[Provided entries Boundary: Start]

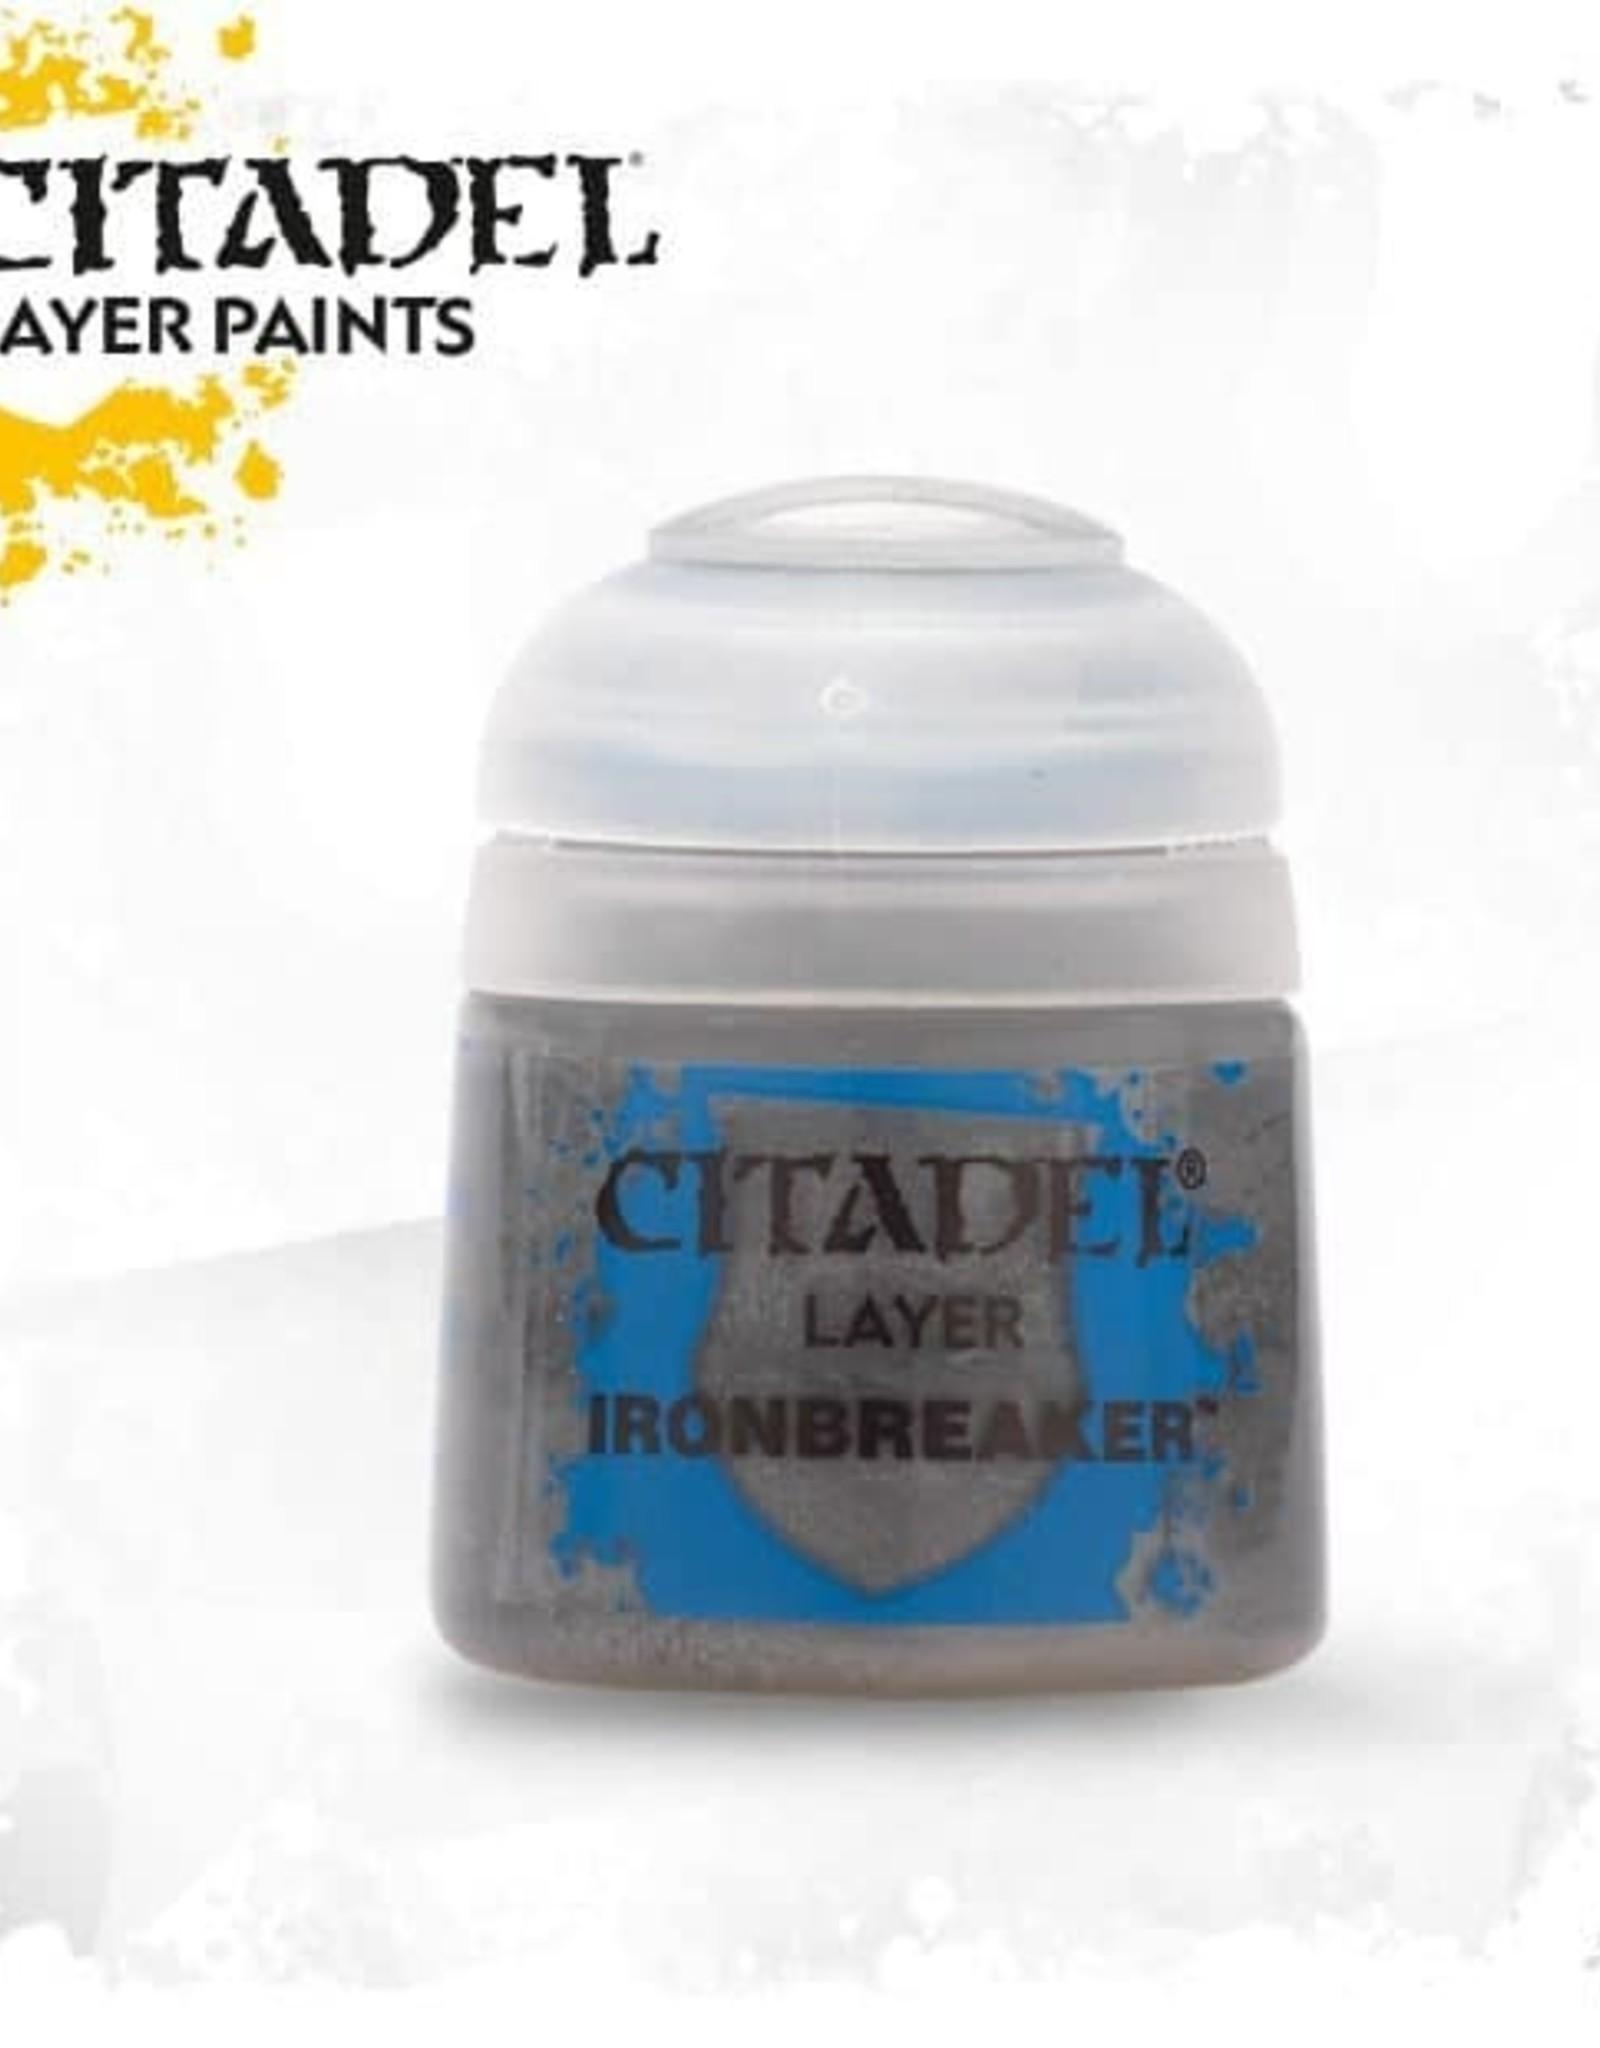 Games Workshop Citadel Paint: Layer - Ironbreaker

[Provided entries Boundary: End]
[Provided entries Boundary: Start]

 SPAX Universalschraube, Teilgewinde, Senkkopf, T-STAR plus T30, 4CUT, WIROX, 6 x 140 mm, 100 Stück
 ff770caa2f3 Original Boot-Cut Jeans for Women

[Provided entries Boundary: End]
[Provided entries Boundary: Start]

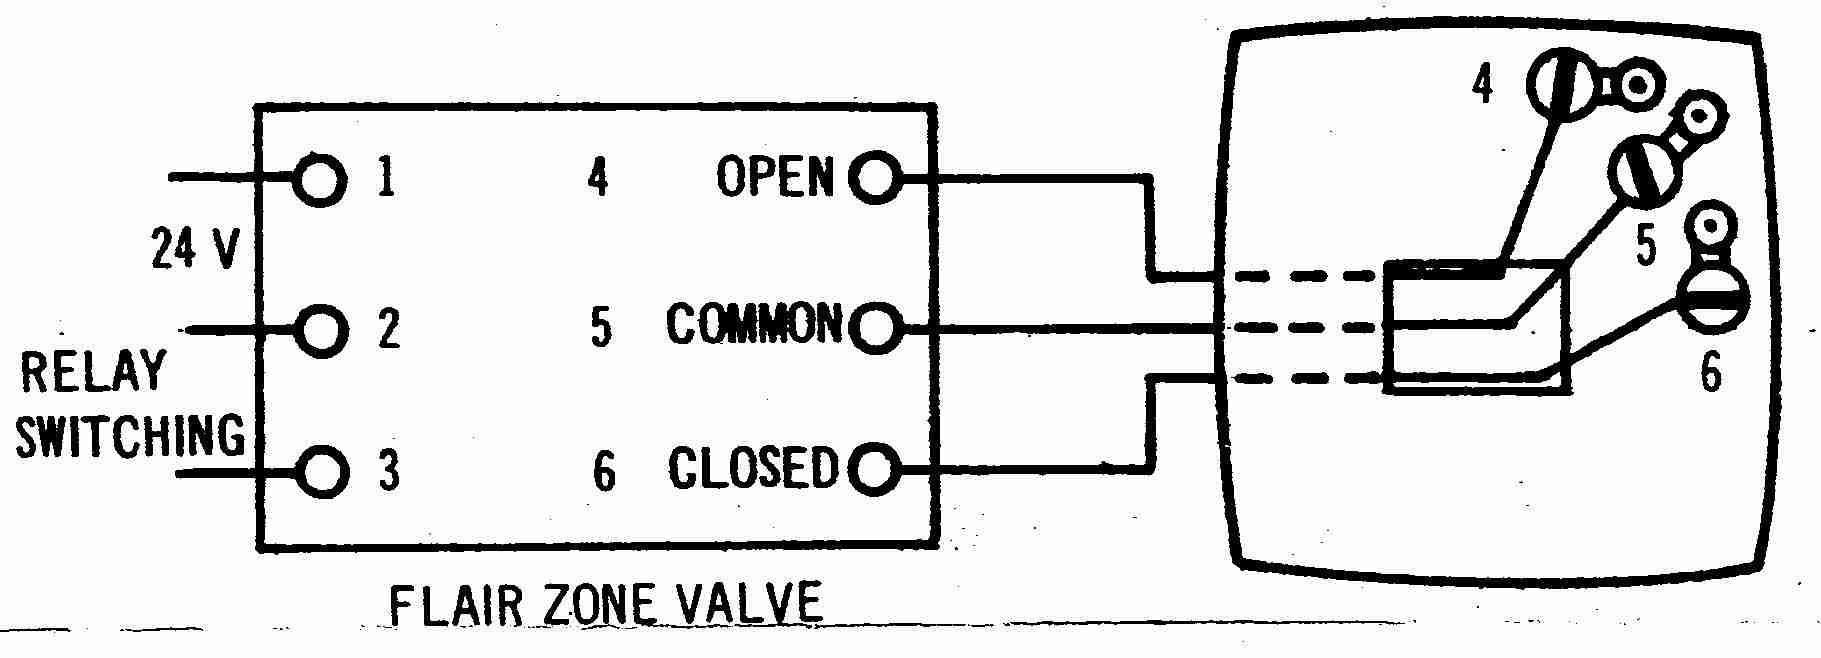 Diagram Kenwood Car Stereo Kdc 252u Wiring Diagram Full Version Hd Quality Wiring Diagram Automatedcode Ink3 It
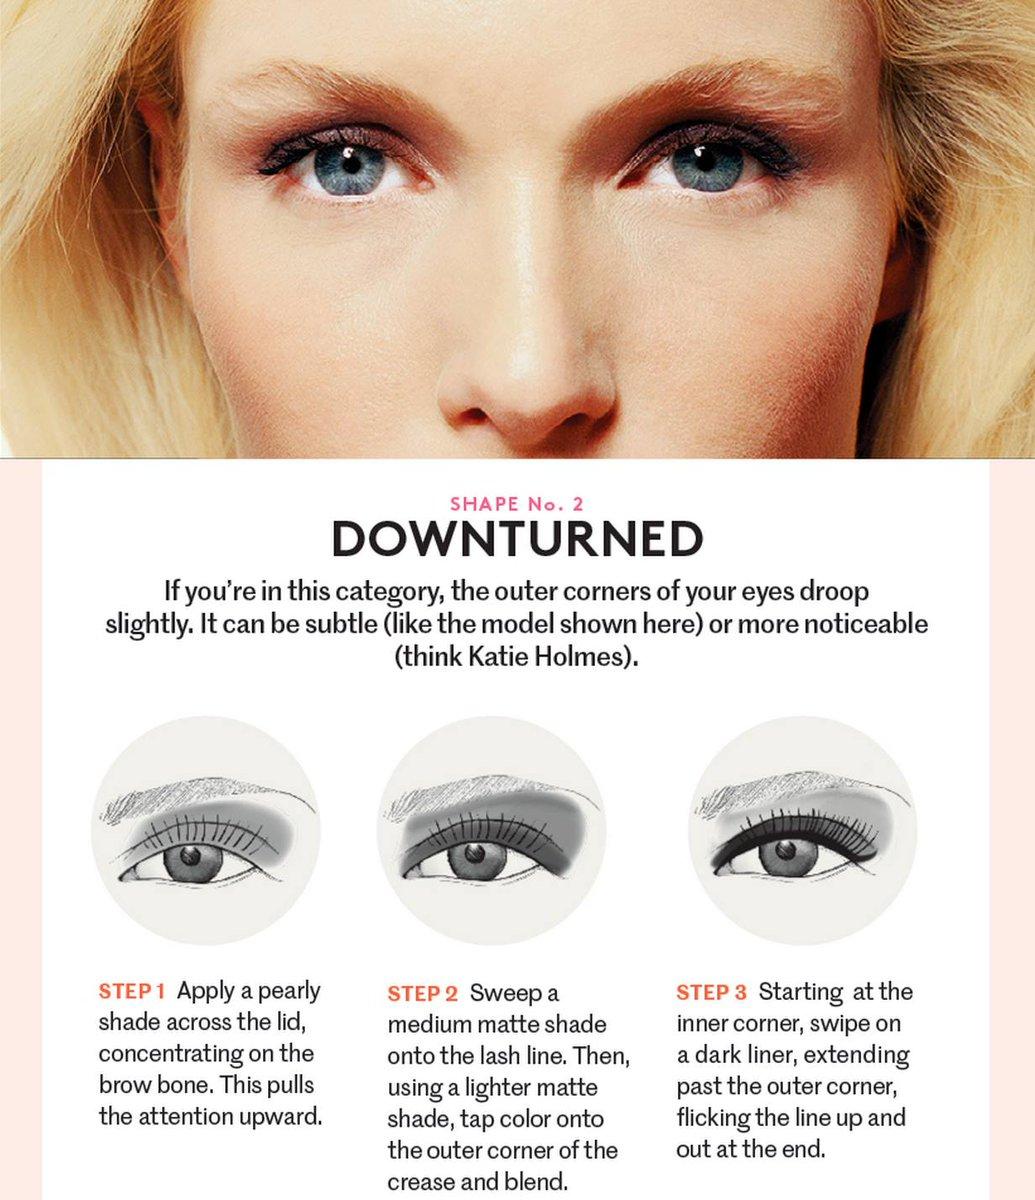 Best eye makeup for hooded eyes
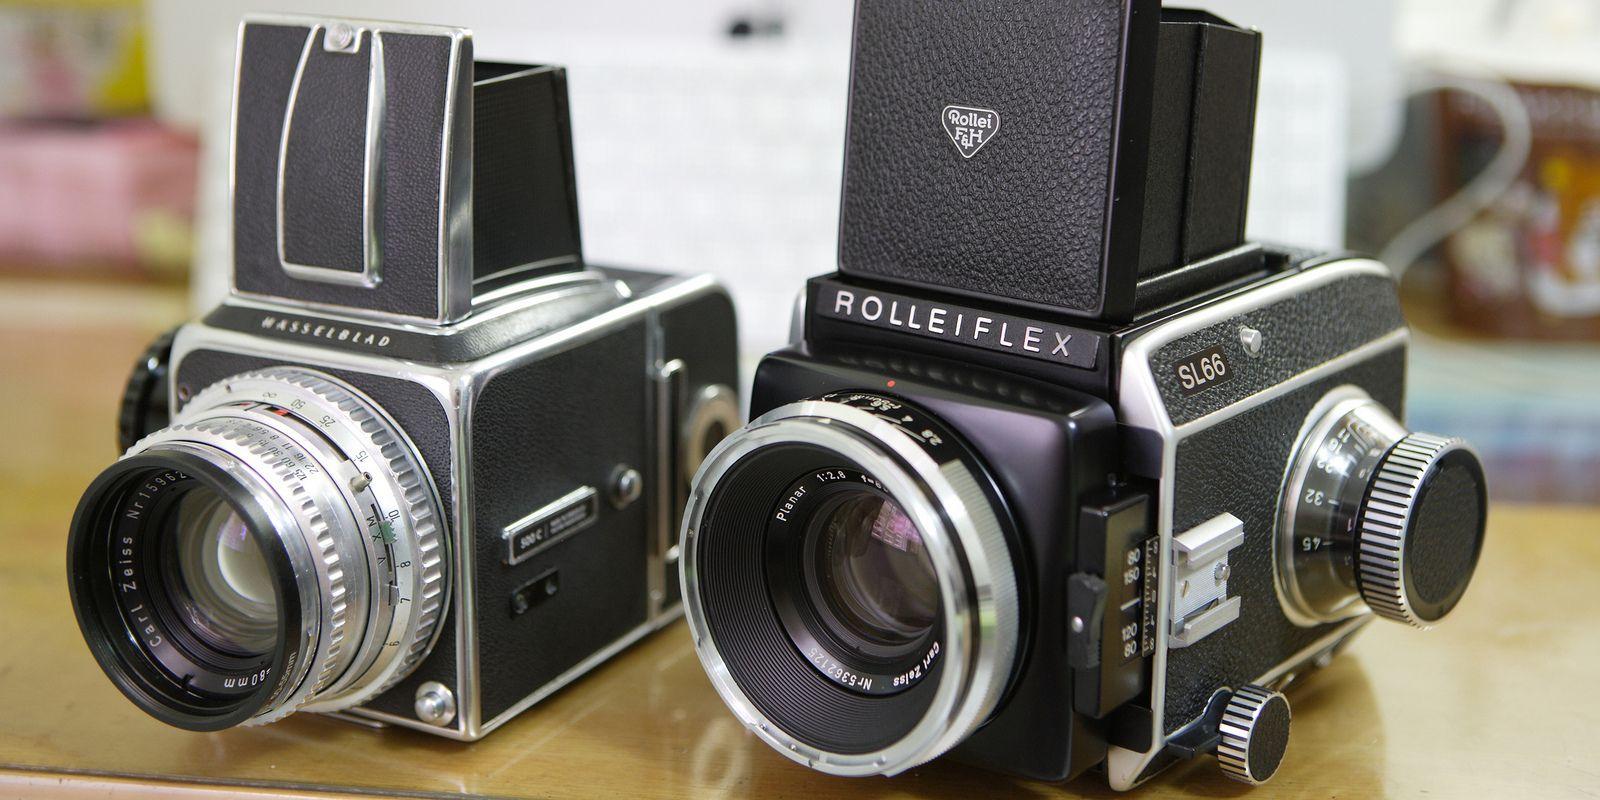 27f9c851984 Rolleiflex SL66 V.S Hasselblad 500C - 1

[Provided entries Boundary: End]

## About this task
What lines above run from the one with "Diagram Kenwood Car" to the one with "27f9c851984 Rolleiflex SL66"? Give them again exactly, ends included, and leave the pictures out.

## Solution to this exercise
 Diagram Kenwood Car Stereo Kdc 252u Wiring Diagram Full Version Hd Quality Wiring Diagram Automatedcode Ink3 It
 Best eye makeup for hooded eyes
 27f9c851984 Rolleiflex SL66 V.S Hasselblad 500C - 1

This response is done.